Create array_type


#1

Hi,

First, thank for a highly demanded array-oriented approach.

But I have a question associated with the user-defined types (UDT):

Doesn’t SciDB need an additional statement CREATE ARRAY_TYPE?

For me, this would address several conceptual and practical issues.
At this time, the Array instance looks like a singleton whose id is simultaneously
used as a type identifier and instance identifier. An ArrayType would allow to

  •      distinguish these two concepts
    
  •      maintain extends of array types ( e.g. streams from multiple devices of the same families)
    
  •      use a type identifier for supporting nested arrays
    
  •      consolidate array and UDT type systems
    

Actually, the ArrayType would be consistent with the present SciDB conceptual array model
(as well as other run-time type systems), the previous paper “Retirements for Science Bases
and SciDB” (define vs create), and the SCiDB class model (Array::getHandle just needs
to return its own identifier).

Please let me know if this is so or if I missed something.

Nikolay Malitsky


#2

Hi Nikolay!

The fast answer to your question is “No”. We don’t have any plans for this feature, at this time. The longer answer is as follows.
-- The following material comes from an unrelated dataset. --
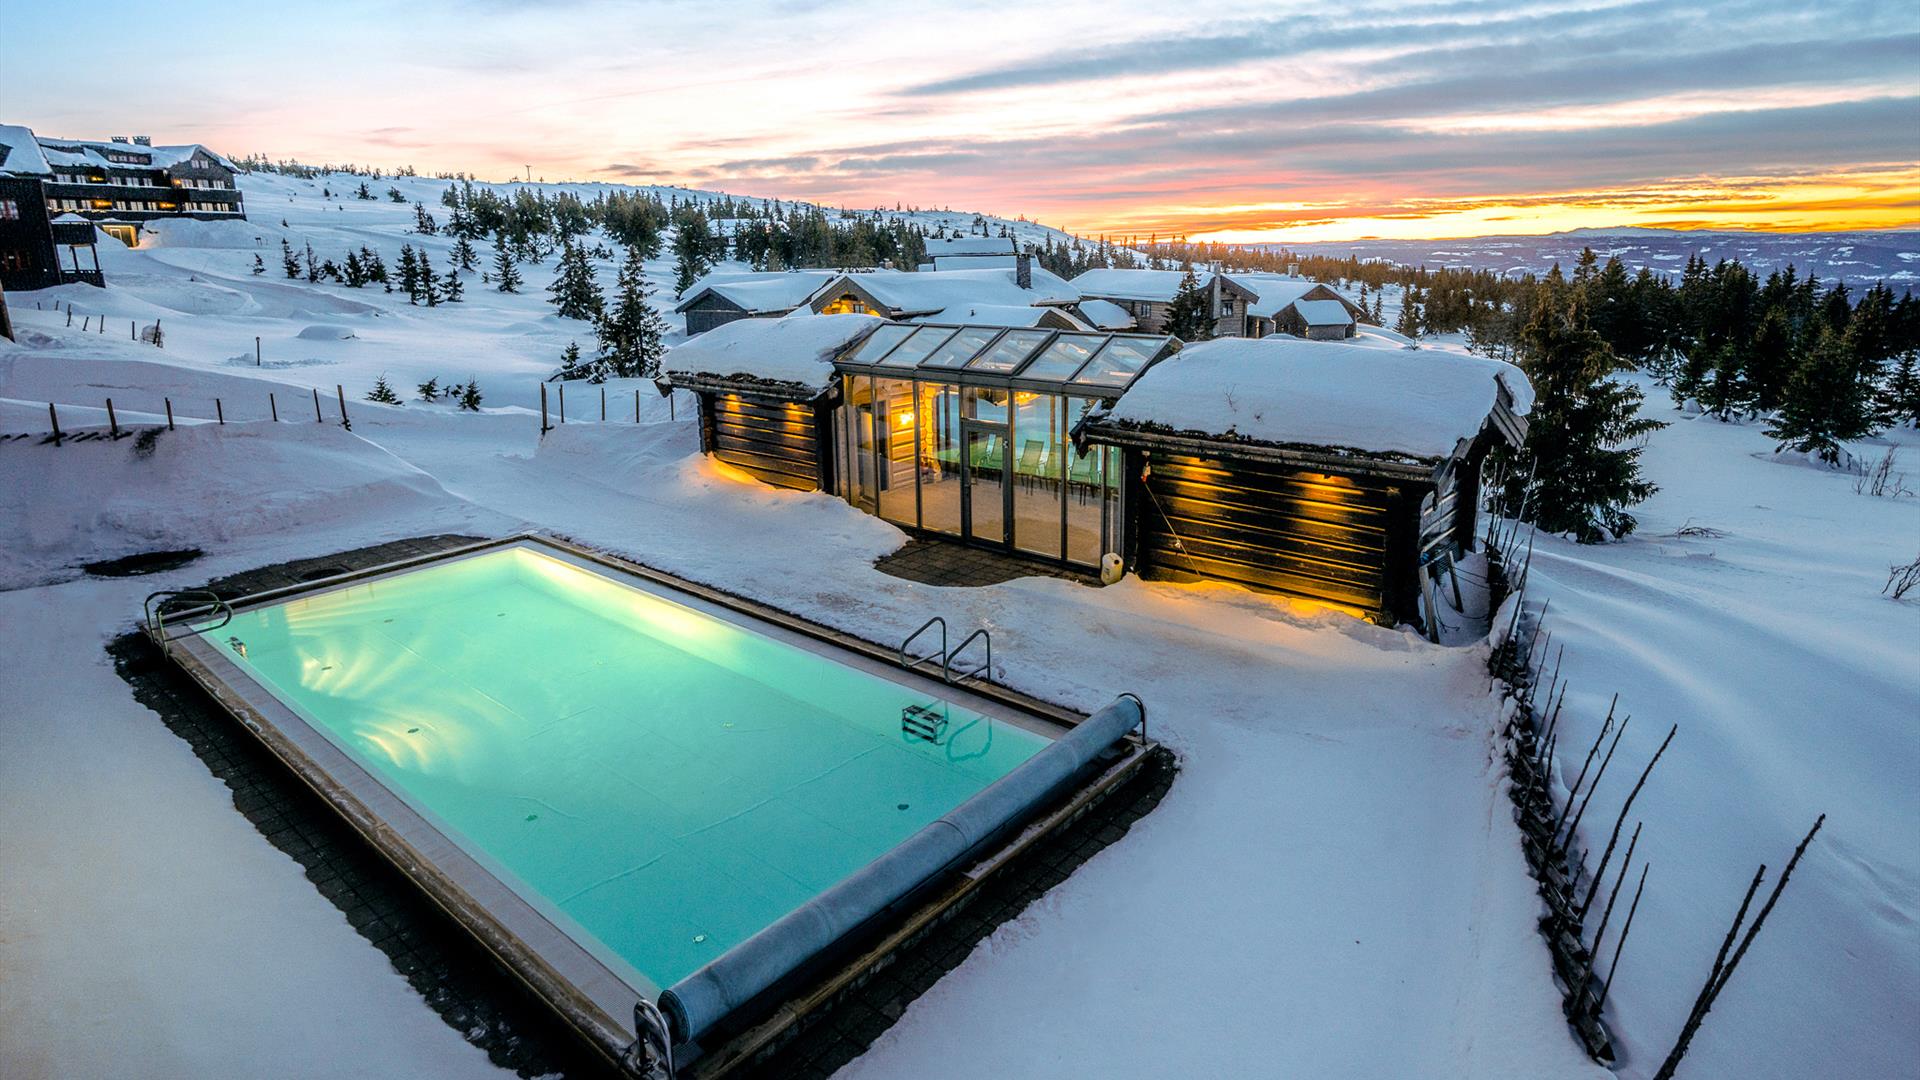 Outdoor swimming pool at Ilsetra, Hafjell.

First, several DBMS products have this kind of functionality today. Postgres supported CREATE TABLE syntax that took as input a ROW TYPE. This functionality found it’s way into the Illustra and INFORMIX engines. Oracle supports object tables. DB2 supports typed tables.

Now, supporting this kind of feature is a fair bit of development work. You need a catalog to hold the types, and to maintain the relationship between types and arrays. You need to support infrastructure that will allow develoeprs to modify types (and their corresponding arrays). On the other hand, when you visit conferences and talk to developers who use these SQL engines, almost no one actually uses the typed table feature.

So given a) the complexity of the implementation, b) the way the people we talked to wanted lots of other features (UDTs, aggregates, user-defined operators, concurrency control, complete support for a variety of query operations such as joins, regrid, various external APIs etc) and c) the fact that we’re still only 4 or 5 engineers, we kinda punted on structured arrays for now.

All of this said, while it isn’t a priority for us (yet), if it is for you, we welcome your patches and design docs! Feel free to implement a prototype.

KR
Pb